By clicking “Sign up for GitHub”, you agree to our terms of service and privacy statement. We’ll occasionally send you account related emails.

Already on GitHub? Sign in to your account

implement CacheStorage? #2071

Closed
jimmywarting opened this issue Apr 14, 2023 · 24 comments · Fixed by #2076
Closed

implement CacheStorage? #2071

jimmywarting opened this issue Apr 14, 2023 · 24 comments · Fixed by #2076
Labels
enhancement New feature or request

Comments

@jimmywarting
Copy link
Contributor

I was wondering if you would be willing to look into implementing the Cache Storage api

it was something i was looking into in the past... but it got abandoned.
it is pretty much tightly coupled with Request/Response classes

and i would like to use it to avoid having to make extra requests if i have the key (Request) cached locally.

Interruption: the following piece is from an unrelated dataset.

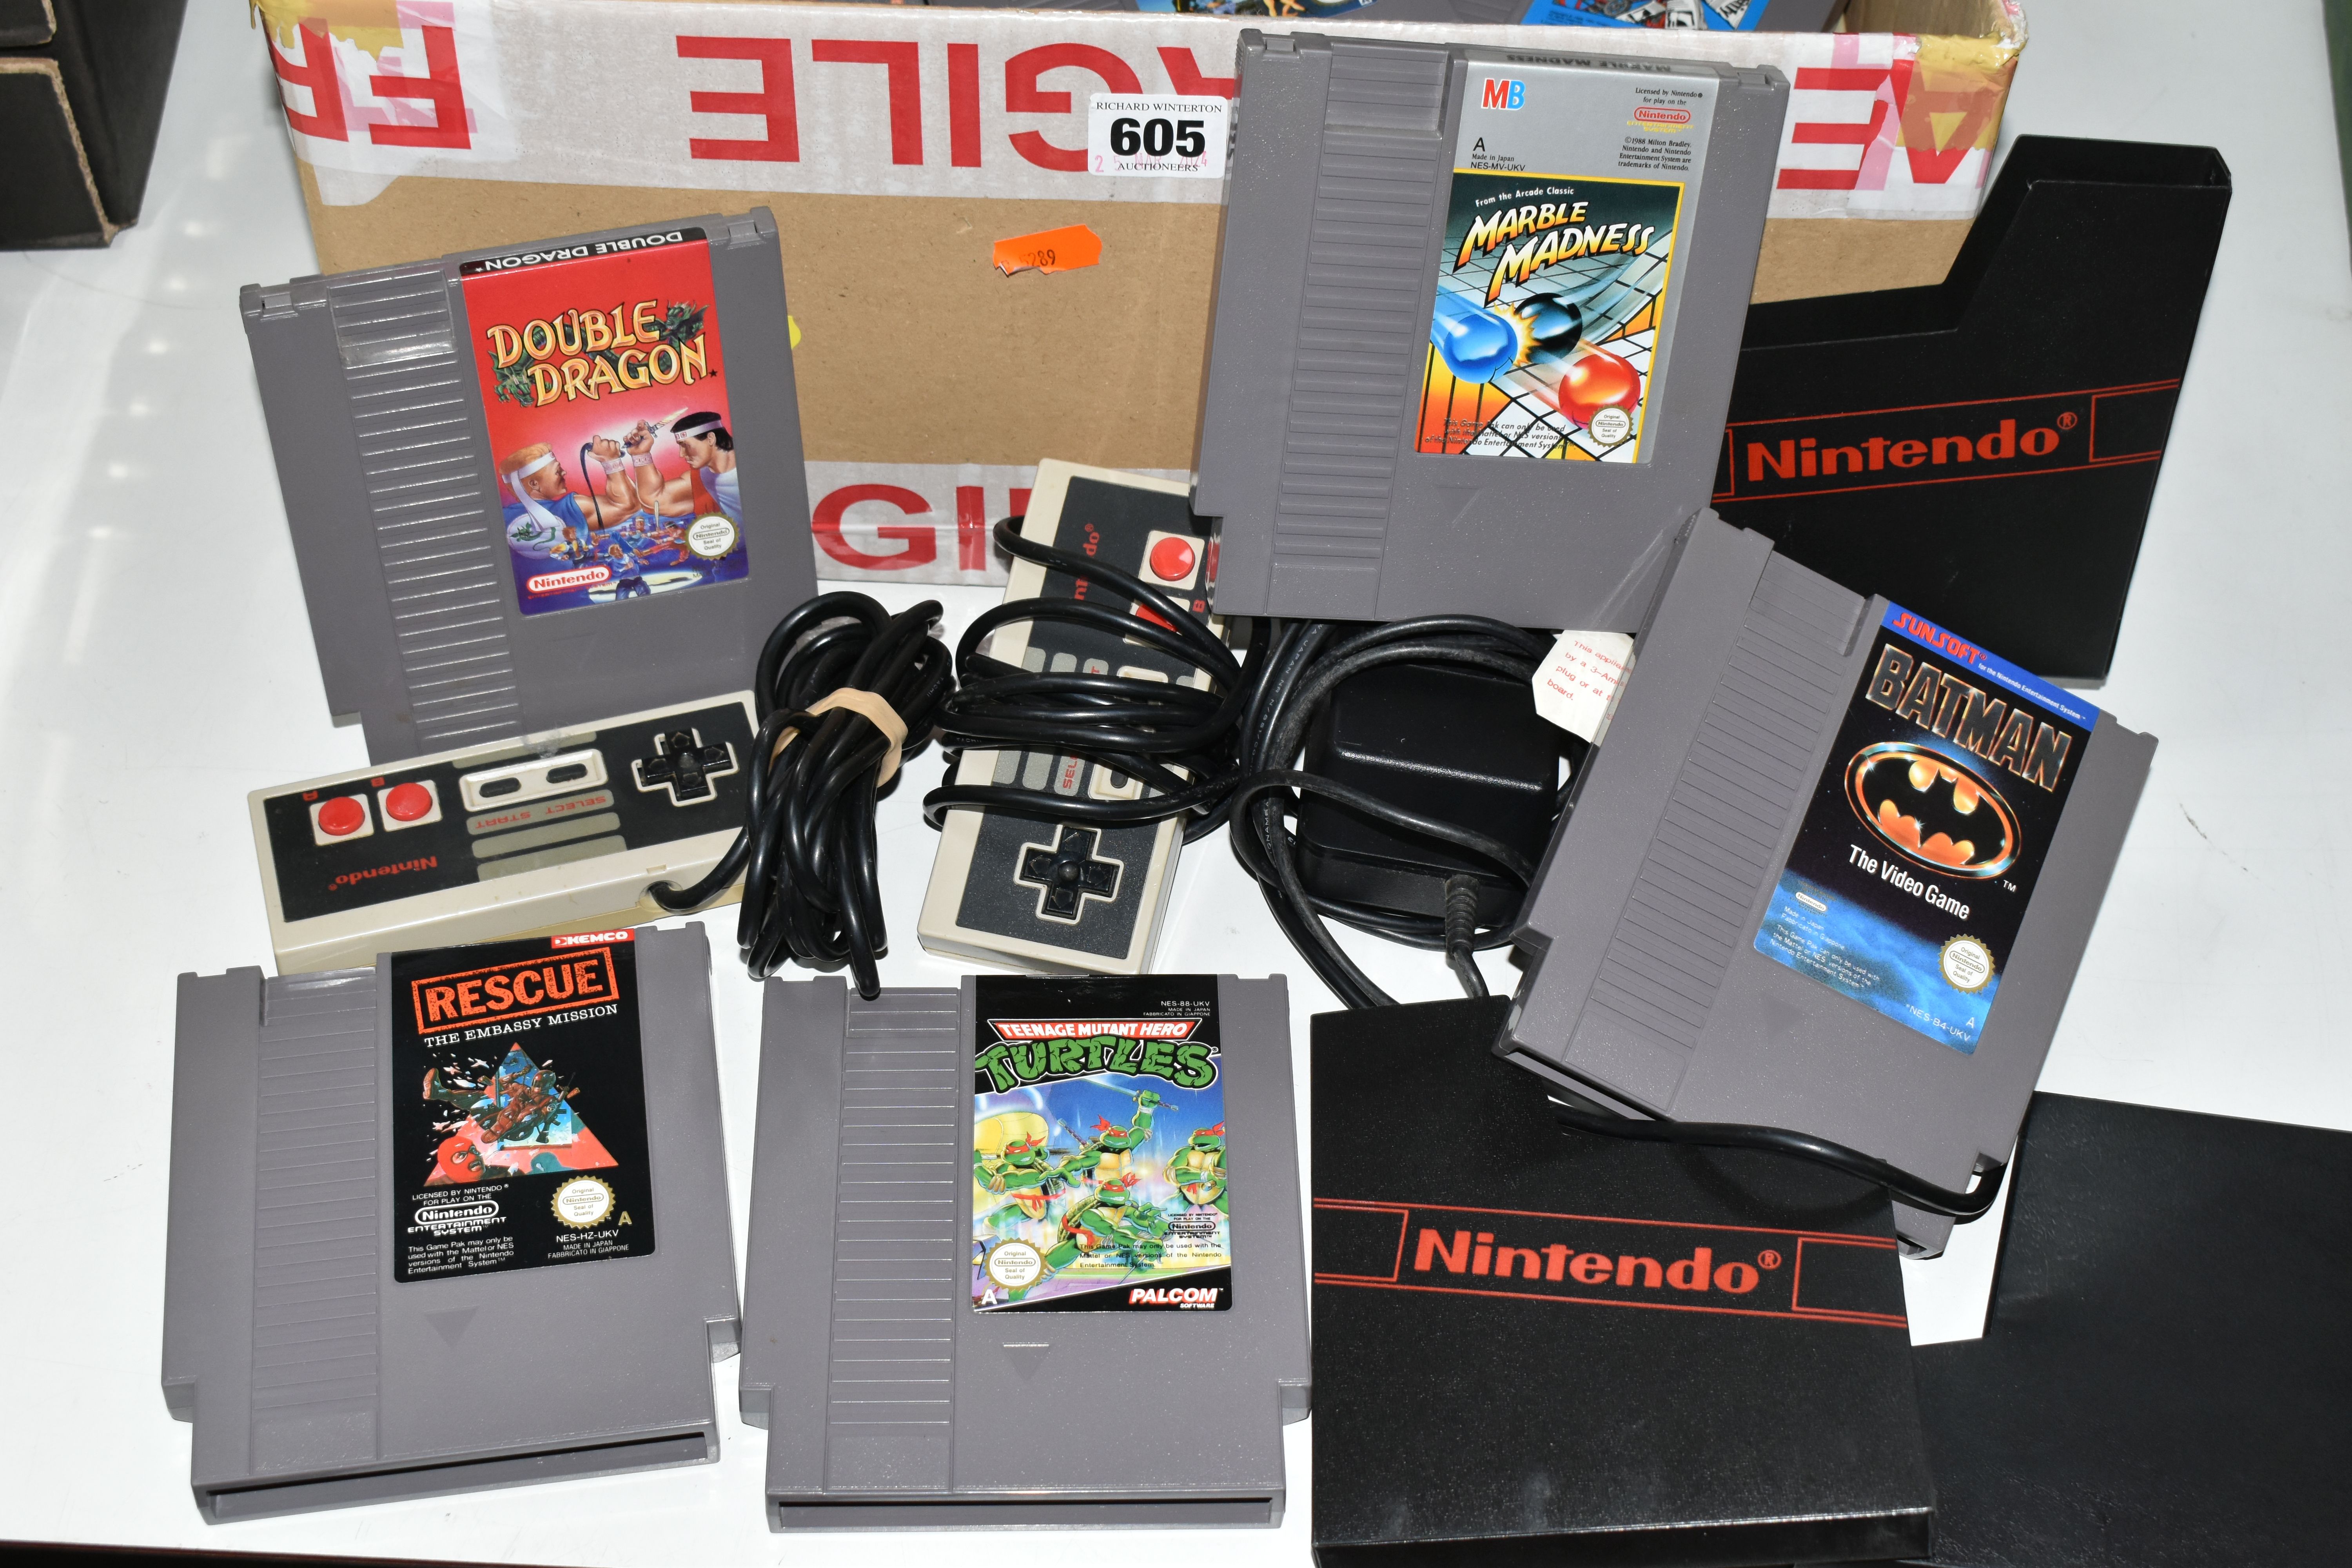 NINTENDO NES CONSOLE AND GAMES, includes Super Mario Bros, Super Mario Bros 3, Double Dragon, - Image 2 of 5

it's also in fact tightly coupled with the cache option in Request too.
it would be neat if this could just work with some default storage and Request / Responses where saved locally on the disc somewhere.

fetch(url, {
  cache: "no-cache", // *default, no-cache, reload, force-cache, only-if-cached
})

manual working with caches works to...

    caches.match(request).then((response) => {
      // caches.match() always resolves
      // but in case of success response will have value
      if (response !== undefined) {
        return response;
      } else {
        return fetch(event.request)
          .then((response) => {
            // response may be used only once
            // we need to save clone to put one copy in cache
            // and serve second one
            let responseClone = response.clone();

            caches.open("v1").then((cache) => {
              cache.put(event.request, responseClone);
            });
            return response;
          })
          .catch(() => caches.match("/gallery/myLittleVader.jpg"));
      }
    })

(taken from mdn)

maybe caches.open('node:undici') could store the default request / responses from fetch when using the cache option?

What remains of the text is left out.